VI. Punitive Damages
Wheeling argues that the Court must strike Plaintiffs' request for punitive damages. (Mot. at 11.) Wheeling is correct that it is immune from liability for punitive damages under 42 U.S.C. §1983 and 42 U.S.C. § 1982. See City of Newport v. Fact Concerts, Inc., 453 U.S. 247, 271, 101 S.Ct. 2748 (1981) ("we hold that a municipality is immune from punitive damages under 42 U.S.C. §1983"); Minix v. Canarecci, 597 F.3d 824, 830 (7th Cir. 2010) ("municipalities are immune from punitive damages in § 1983 suits"); Bell v. City of Milwaukee, 746 F.2d 1205, 1270-71 (7th Cir. 1984) ( overruled on other grounds ) (extending municipal immunity to § 1985 suits and stating "[i]rrespective of the Section of the civil rights statute that plaintiffs invoke... the well-established policy of municipal immunity from punitive damages cannot be ignored") Wade v. Cicero, Illinois, 571 F.Supp. 157, 159 n. 4 (N.D. Ill. 1983) ("although we have discussed only cases dealing with 42 U.S.C. § 1983, the same rationale would apply with regard to 42 U.S.C. § 1982").
Wheeling also asserts that Homeowners have not pled facts sufficient to support an award of punitive damages under the FHA. (Mot. at 11.) In support, Wheeling relies on Hispanics United of DuPage County v. Village of Addison, Ill., 958 F.Supp. 1320, 1331 (N.D. Ill. 1997), which, it contends, requires "allegations of widespread and knowledgeable participation by taxpayers in the municipality's outrageous abuse of constitutional rights." (Mot. at 11.) Plaintiffs also cite Hispanics United in support of their claim for punitive damages. The relevant discussion in Hispanics United arose in a similar context to the one present here. The court noted the municipal immunity that applies to civil rights cases, but acknowledged "a narrow exception" that Fact Concerts considered in a footnote. 958 F.Supp. 1331-32. That footnote, footnote 29, stated, "[i]t is perhaps possible to imagine an extreme situation where the taxpayers are directly responsible for perpetrating an outrageous abuse of constitutional rights... such an occurrence is sufficiently unlikely that we need not anticipate it here." Fact Concerts, 453 U.S. at 267 fn. 29. The court in Hispanics United considered the plaintiffs' argument that such a situation is less unlikely in FHA violations because "land use decisions are often the result of the discriminatory wishes of constituents." 958 F.Supp. 1332. The court noted that no plaintiff has successfully invoked footnote 29 under the FHA or any other civil rights statute, but also indicated that the determining factor in deciding whether to apply that exception was "the extent and nature of taxpayer participation in reprehensible municipal conduct." Id.
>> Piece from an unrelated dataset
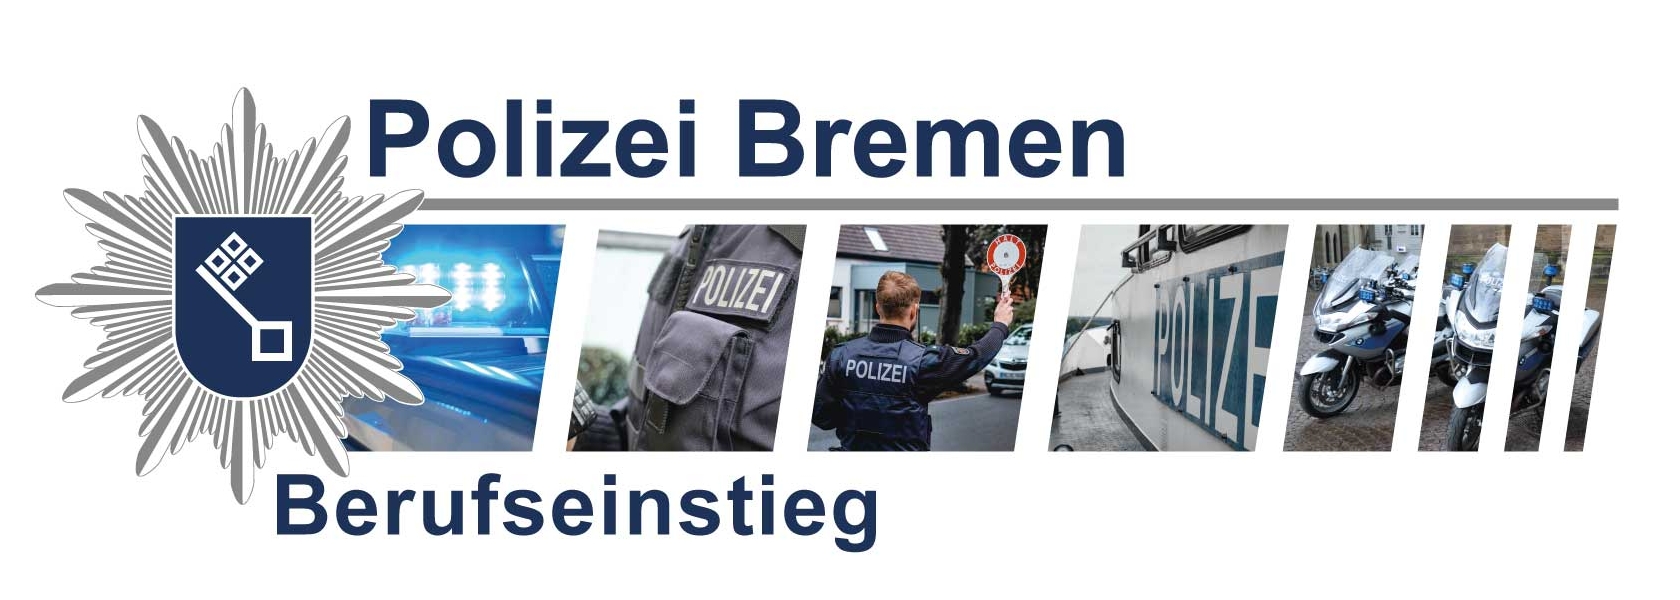 Grafik zeigt eine Werbefoto der Polizei Bremen zum Berufseinstieg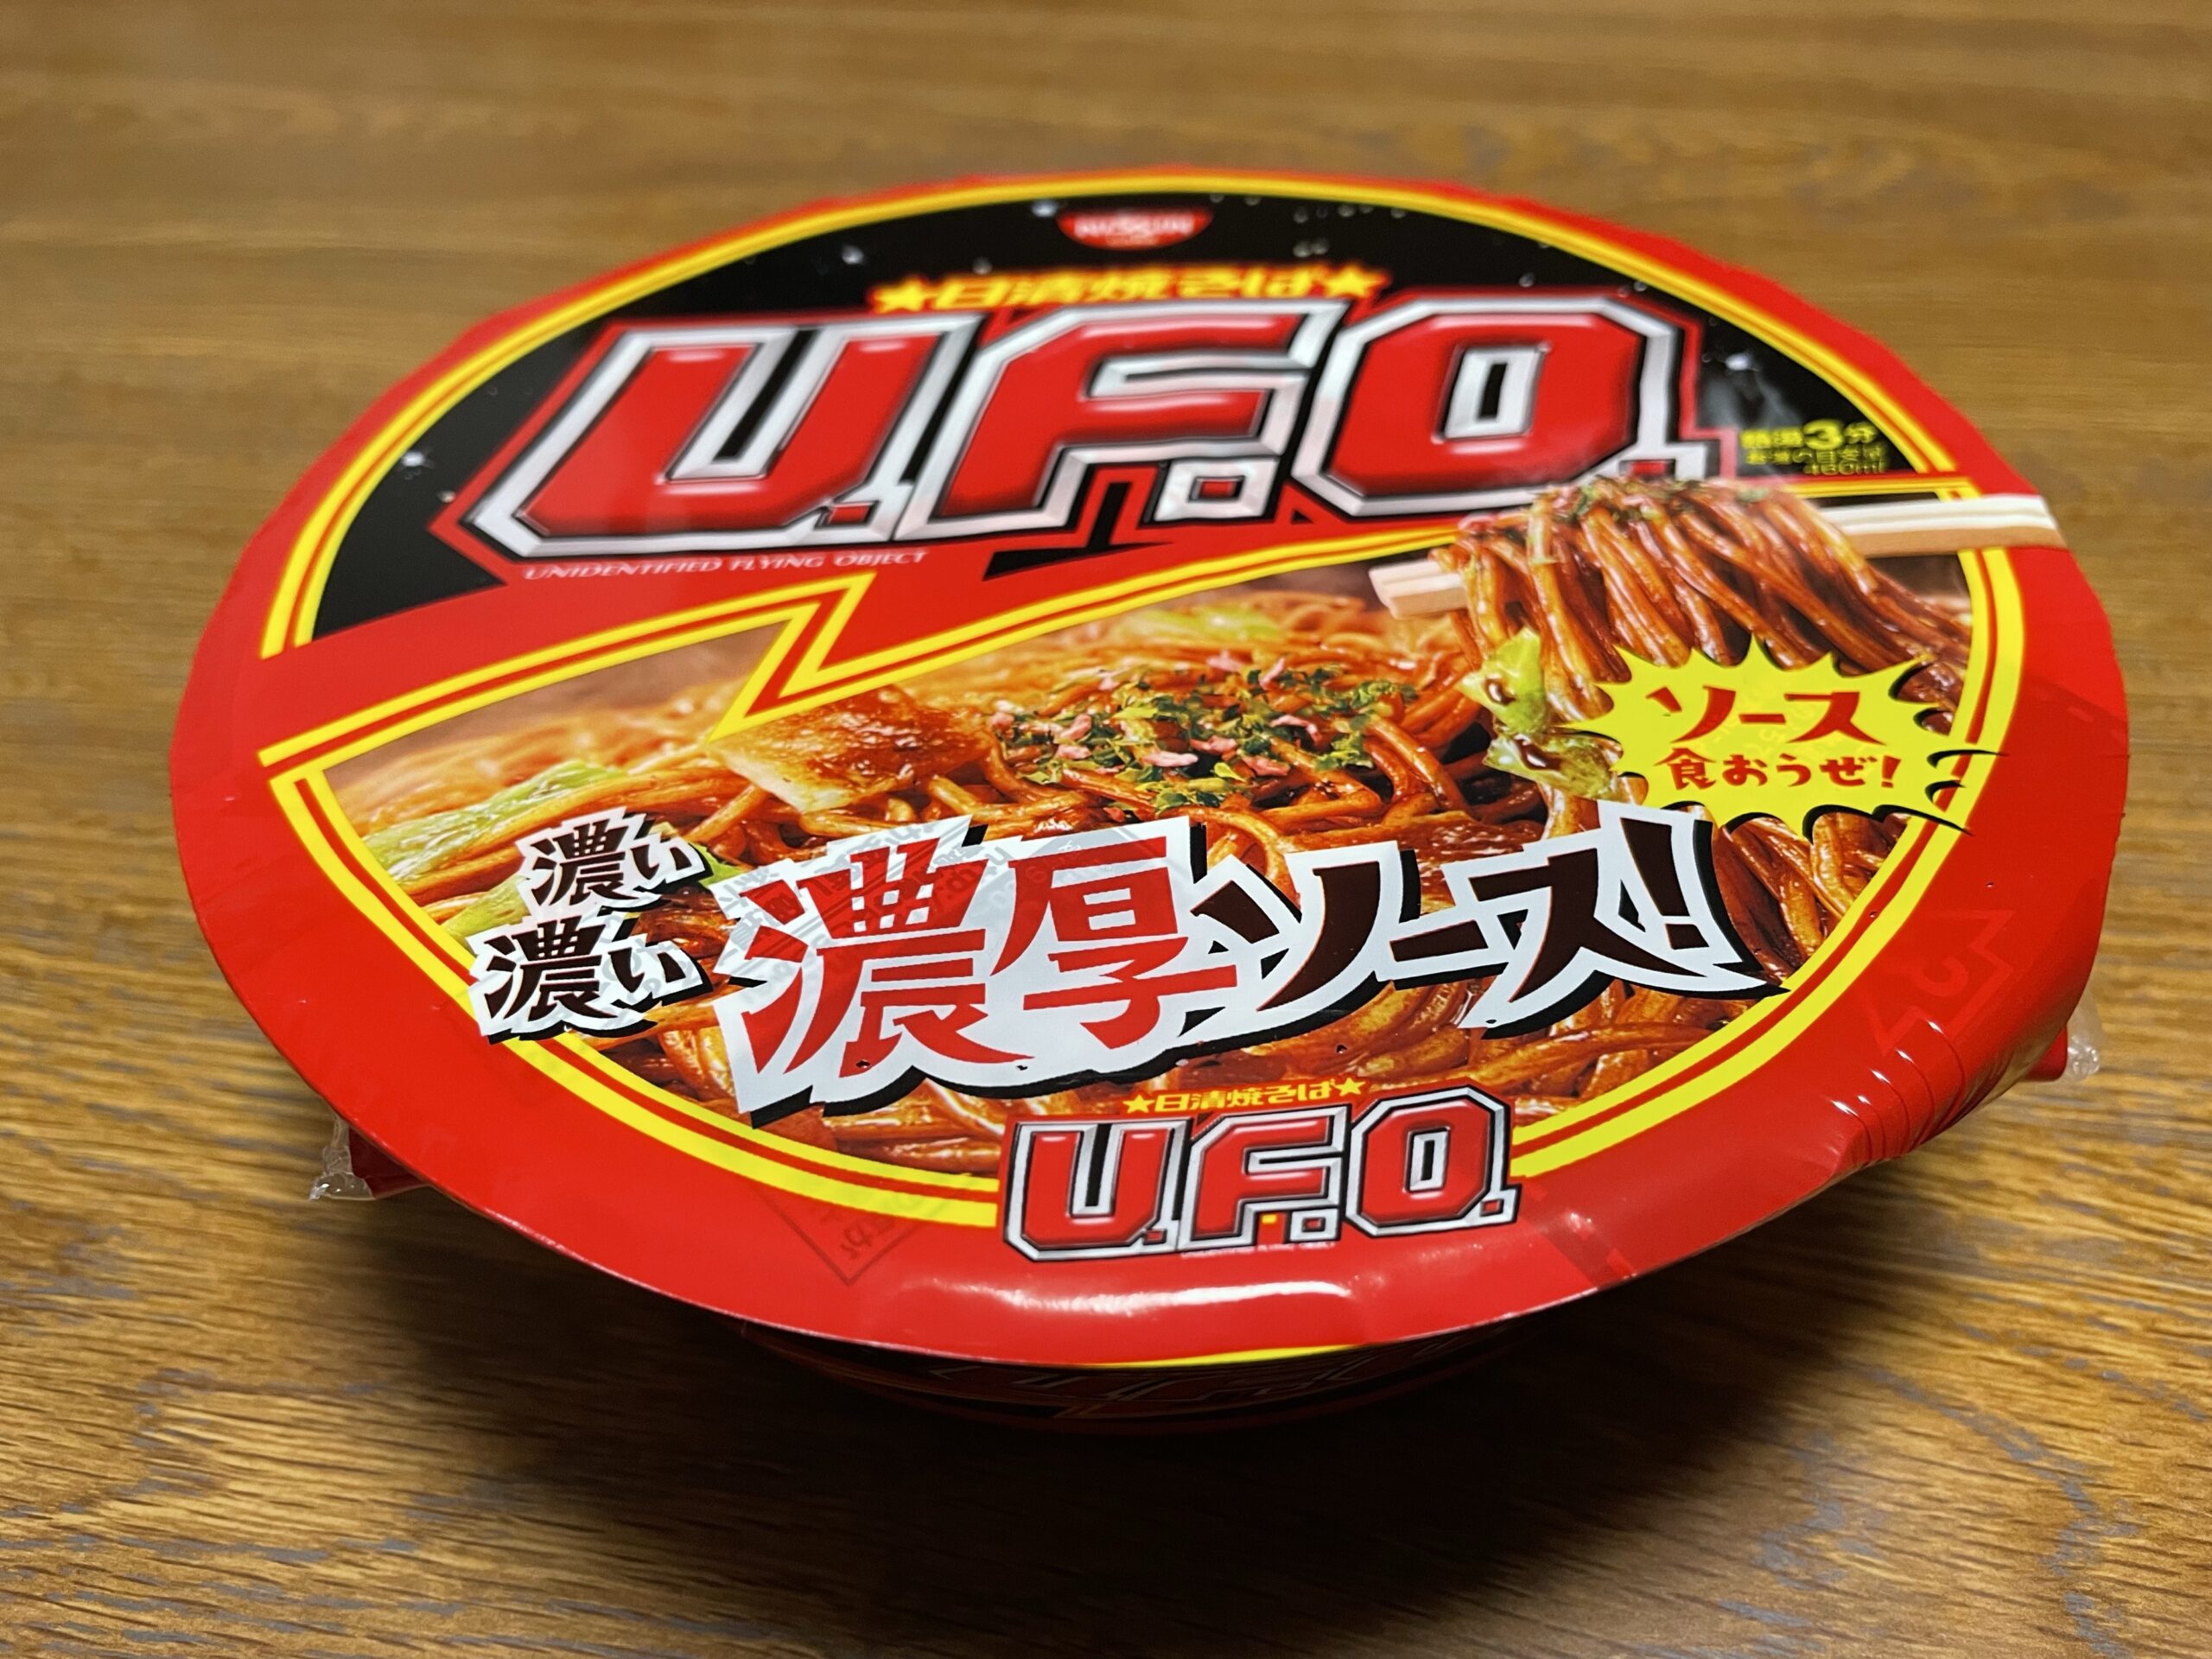 『日清焼きそば UFO 濃厚ソース味』を食べてみました!!

The court stated that it lacked sufficient information to make this determination but "decline[d] to foreclose the possibility of awarding punitive damages should the plaintiffs meet their stiff burden of proving the residents' widespread knowledge and participation in perpetrating an outrageous abuse of constitutional rights." Id.
Here, the Homeowners have not pled any facts that Wheeling's taxpayers "are directly responsible for perpetrating an outrageous abuse of constitutional rights." Indeed, any punitive damages the Court applied against the Village of Wheeling for alleged civil rights violations based on Plaintiffs' Hispanic and Latino ethnicity and national origin would fall on the shoulders of its residents. This would be a particularly perverse outcome given that 31% of Wheeling's population identified itself as Hispanic as of the 2010 Census. The Court grants Defendant's motion to strike Plaintiffs' request for punitive damages.
For these reasons, the Court grants Defendant's Motion to Dismiss Counts II, IV, and VIII and denies Defendant's Motion to Dismiss Counts I, III, V, VI, and VII. The Court also denies Defendant's motion to stay the case pursuant to the Younger doctrine and grants Defendant's Motion to strike Plaintiff's request for punitive damages.